The problematic machine cannot be shut down by either the GUI or the shell-command.
[~]$ esxcli vmprocess list [~]$ esxcli vm process kill --type=force XXXX
When I checked the logs for that time, I noticed the following points.
hostd.log
2021-05-13T11:17:01.338Z info hostd[2099735] [Originator@6876 sub=Vmsvc.vm:/vmfs/volumes/5e8f6af8-ef17ef81-a40a-b4969140d48c/test-HOGE03/test-HOGE03.vmx] Turning off heartbeat checker
2021-05-13T11:17:44.334Z error hostd[2098983] [Originator@6876 sub=Default] IpmiIfcOpenIpmiOpen: open(/dev/ipmi0, RDWR) failed 2 m
2021-05-13T11:17:49.256Z error hostd[2220401] [Originator@6876 sub=Default] [LikewiseGetDomainJoinInfo:354] QueryInformation(): ERROR_FILE_NOT_FOUND (2/0):
vmkwarning.log
2021-05-13T11:17:03.193Z cpu26:2099890)WARNING: VSCSI: 3510: handle 8193(vscsi0:1):WaitForCIF: Issuing reset; number of CIF:2
2021-05-13T11:17:03.193Z cpu26:2099890)WARNING: VSCSI: 2657: handle 8193(vscsi0:1):Ignoring double reset
vmkernel.log
2021-05-13T11:07:40.680Z cpu3:2097896)DVFilter: 5963: Checking disconnected filters for timeouts
2021-05-13T11:17:00.191Z cpu26:2099890)VSCSI: 2623: handle 8193(vscsi0:1):Reset request on FSS handle 1968762 (1 outstanding commands) from (vmm0:test-HOGE03)

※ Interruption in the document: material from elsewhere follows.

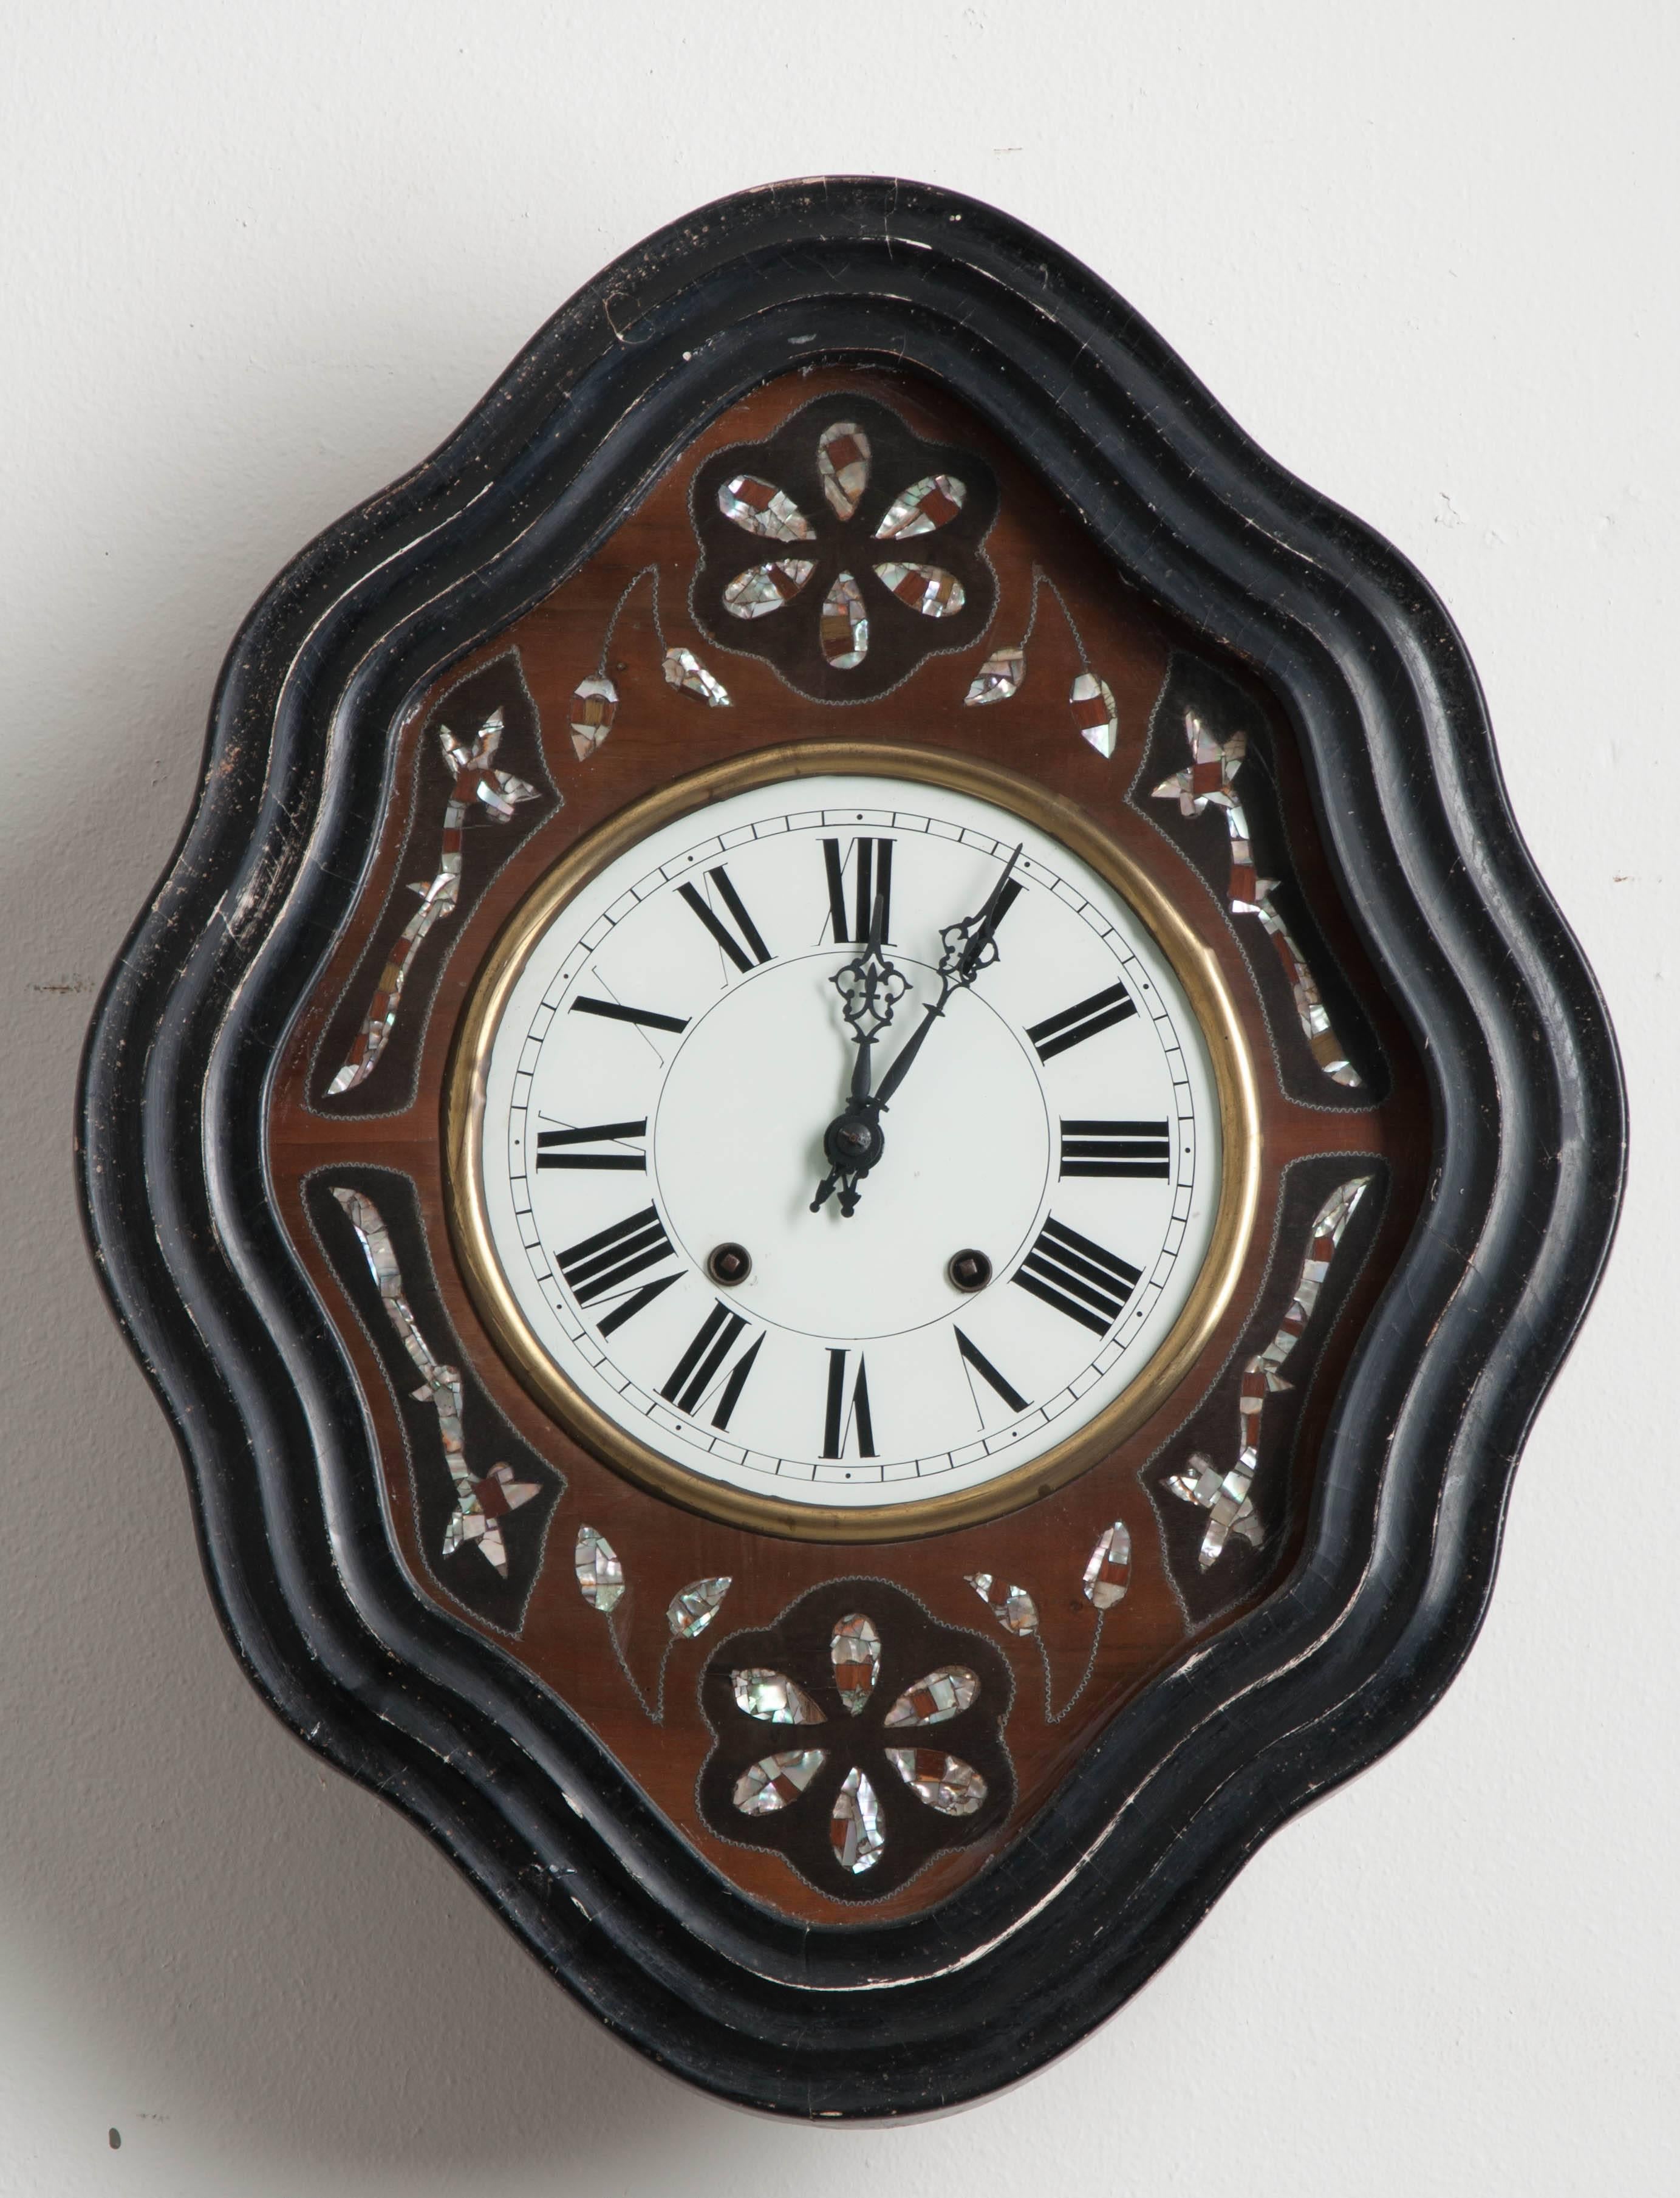 This 19th century clock is stunning with its diamond shaped rippling clock frame of ebony painted wood. Mother-of-pearl floral and foliate designs are inlaid in differently stained mahogany and brilliant mother-of-pearl, surrounding the porcelain

2021-05-13T11:17:00.191Z cpu0:2097544)VSCSI: 2903: handle 8193(vscsi0:1):Reset [Retries: 0/0] from (vmm0:test-HOGE03)
2021-05-13T11:17:00.191Z cpu0:2097544)vmw_ahci[00000b00]: scsiTaskMgmtCommand:VMK Task: VIRT_RESET initiator=0x430824ce0f80
2021-05-13T11:17:00.191Z cpu0:2097544)vmw_ahci[00000b00]: ahciAbortIO:(curr) HWQD: 0 BusyL: 0
2021-05-13T11:17:00.193Z cpu0:2097544)vmw_ahci[00000b00]: scsiTaskMgmtCommand:VMK Task: VIRT_RESET initiator=0x430824ce0f80
2021-05-13T11:17:00.193Z cpu0:2097544)vmw_ahci[00000b00]: ahciAbortIO:(curr) HWQD: 0 BusyL: 0
2021-05-13T11:17:00.195Z cpu0:2097544)vmw_ahci[00000c00]: scsiTaskMgmtCommand:VMK Task: VIRT_RESET initiator=0x430824ce0f80
2021-05-13T11:17:00.195Z cpu0:2097544)vmw_ahci[00000c00]: ahciAbortIO:(curr) HWQD: 0 BusyL: 0
2021-05-13T11:17:03.193Z cpu26:2099890)WARNING: VSCSI: 3510: handle 8193(vscsi0:1):WaitForCIF: Issuing reset; number of CIF:2
2021-05-13T11:17:03.193Z cpu26:2099890)WARNING: VSCSI: 2657: handle 8193(vscsi0:1):Ignoring double reset
2021-05-13T11:17:30.680Z cpu6:2097544)VSCSI: 2903: handle 8193(vscsi0:1):Reset [Retries: 1/0] from (vmm0:test-HOGE03)
2021-05-13T11:17:30.680Z cpu6:2097544)vmw_ahci[00000b00]: scsiTaskMgmtCommand:VMK Task: VIRT_RESET initiator=0x430824ce0f80
2021-05-13T11:17:30.680Z cpu6:2097544)vmw_ahci[00000b00]: ahciAbortIO:(curr) HWQD: 0 BusyL: 0
It felt like the datastore was being reset.
That datastore is configured with VMFS6 on local storage. (SSD 1TB x 3)
Does anybody have a solution for this?
Thank you.
Hope these KB articles help: both articles hold similar symptoms.
https://kb.vmware.com/s/article/2152008
https://kb.vmware.com/s/article/2150962
Thanks, Virt-aid.
https://kb.vmware.com/s/article/2152008https://kb.vmware.com/s/article/2150962
These articles said it is already supported in ESXi 6.5(Patch 01).
So I am hoping that ESXi 6.7(which I have adopted) will not have this problem.
Or should I use ESXi 6.5 instead of 6.7?
Thanks.
It's just my guess, but...is it possible that "Thin Provisioning" is the cause?
Guest "Windows 10" where the problem occurred uses "Thin Provisioning" vmdk for data-drive.